Rousseau presents this narrative as an autobiographical event, but nonetheless it is saturated with cultural references that it does not openly acknowledge or discuss, or that he acknowledges only to reject.

The Complete Poetry of Percy Bysshe Shelley

Again, moving very quickly, I'll limit myself to noting Rousseau's refusal to open dialogue with this tradition and to the standing apart and forgetting that characterize his narrative as given in the Triumph. Rousseau's refusal of cultural mediation, which would be initiated by such a dialogue, strongly contrasts with the openly allusive Triumph of Life and is a very specific point of disagreement between the two writers that informs this portrayal in the Triumph. It points to a specific failing, a missed opportunity to initiate a process of cultural transmission such as is modeled by Dante and by other writers with whom the poem is in an open dialogue.

Dante Alighieri. The Divine Comedy. Charles S. Princeton, N.

Complete poetical works by Percy Bysshe Shelley Book editions published between and in 3 languages and held by WorldCat member libraries worldwide.
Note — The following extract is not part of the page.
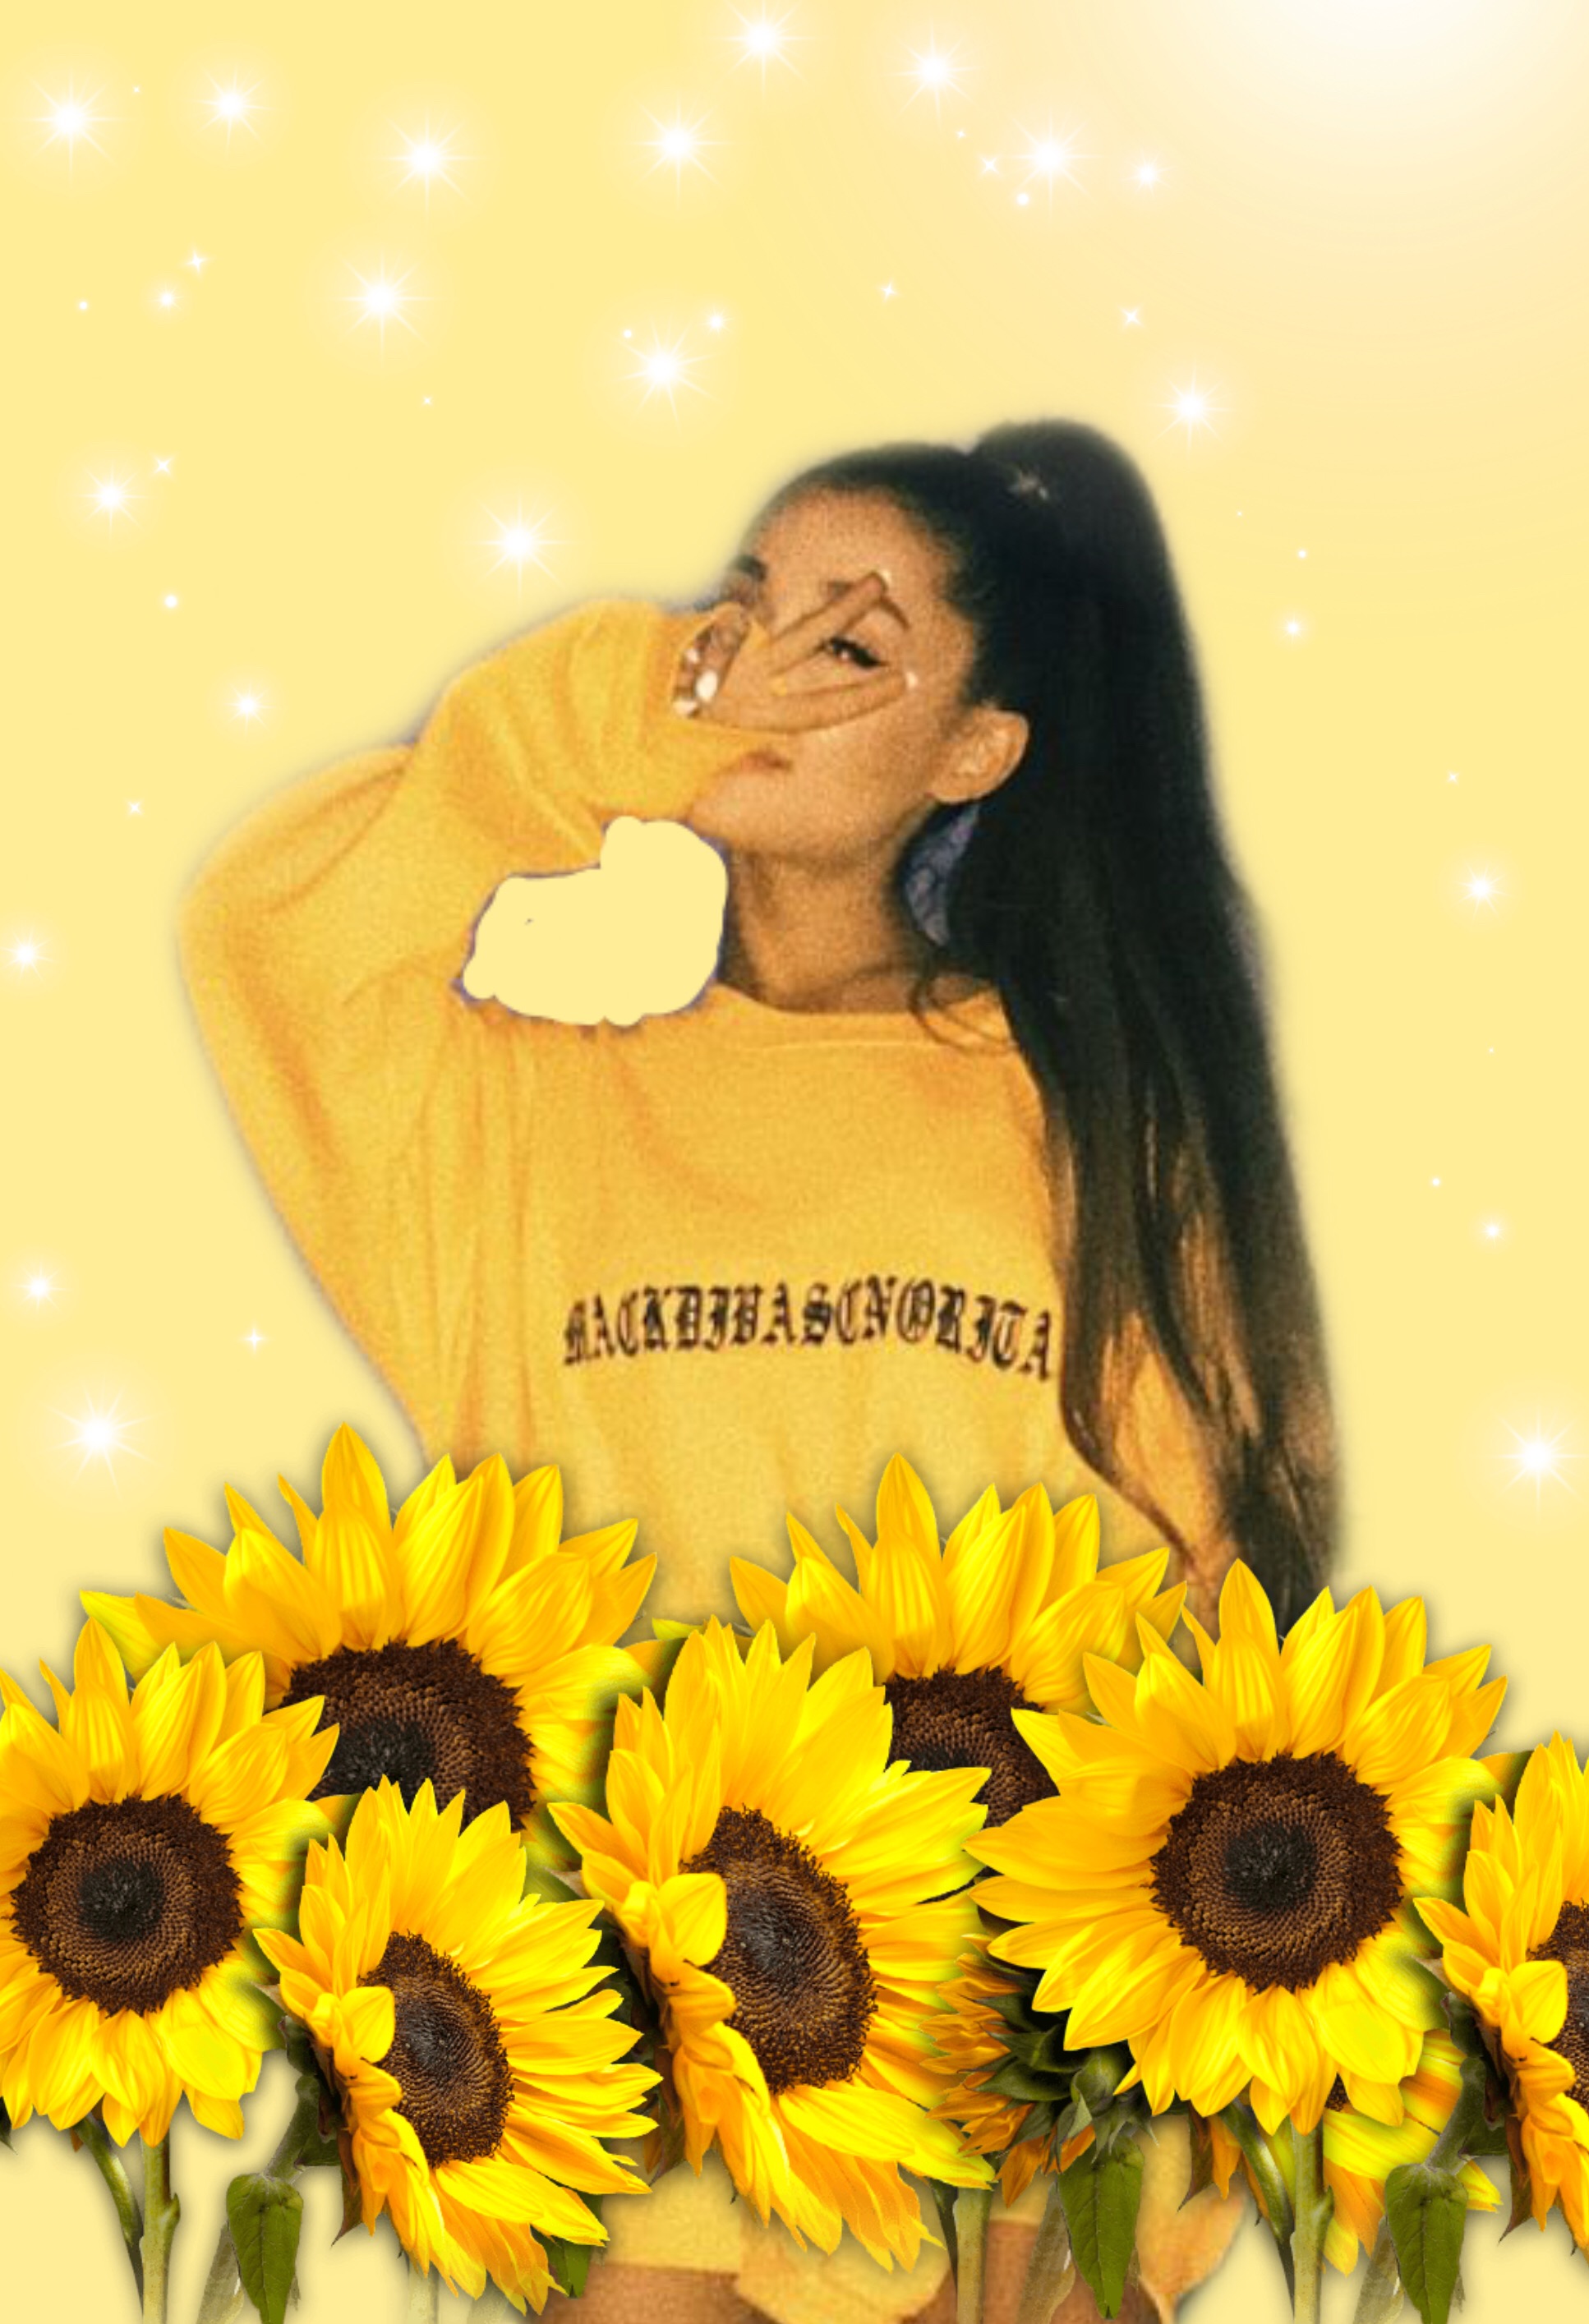 Ariana Grande yellow iPhone wallpaper Image by Chloe♡

Shelley's critical prose by Percy Bysshe Shelley Book 5 editions published between and in English and held by WorldCat member libraries worldwide. Il tramonto by Ottorino Respighi 15 editions published between and in Italian and Undetermined and held by WorldCat member libraries worldwide. Shelley by Percy Bysshe Shelley Book 63 editions published between and in 6 languages and held by WorldCat member libraries worldwide A pocket-sized anthology of poems by Romantic-era poet Percy Bysshe Shelley.

Prometheus unbound, a variorum edition by Percy Bysshe Shelley Book 6 editions published between and in English and held by WorldCat member libraries worldwide. The Cenci : a tragedy in five acts by Percy Bysshe Shelley Book 47 editions published between and in English and Undetermined and held by WorldCat member libraries worldwide A horrific tragedy, set in in Rome, of a young woman executed for pre-meditated murder of her tyrannical father. The poetical works of Shelley by Percy Bysshe Shelley Book 14 editions published between and in English and held by WorldCat member libraries worldwide Selected pieces by one of the major English Romantic poets.

Often attacked for his "atheism" and "meliorism "revolutionism" to conservative minds. In truth, he was a deeply religious idealist committed to enlightenment, justice, and disinterested love. Political tracts of Wordsworth, Coleridge and Shelley by Reginald James White Book 18 editions published between and in English and held by WorldCat member libraries worldwide. Audience Level. Related Identities. Associated Subjects.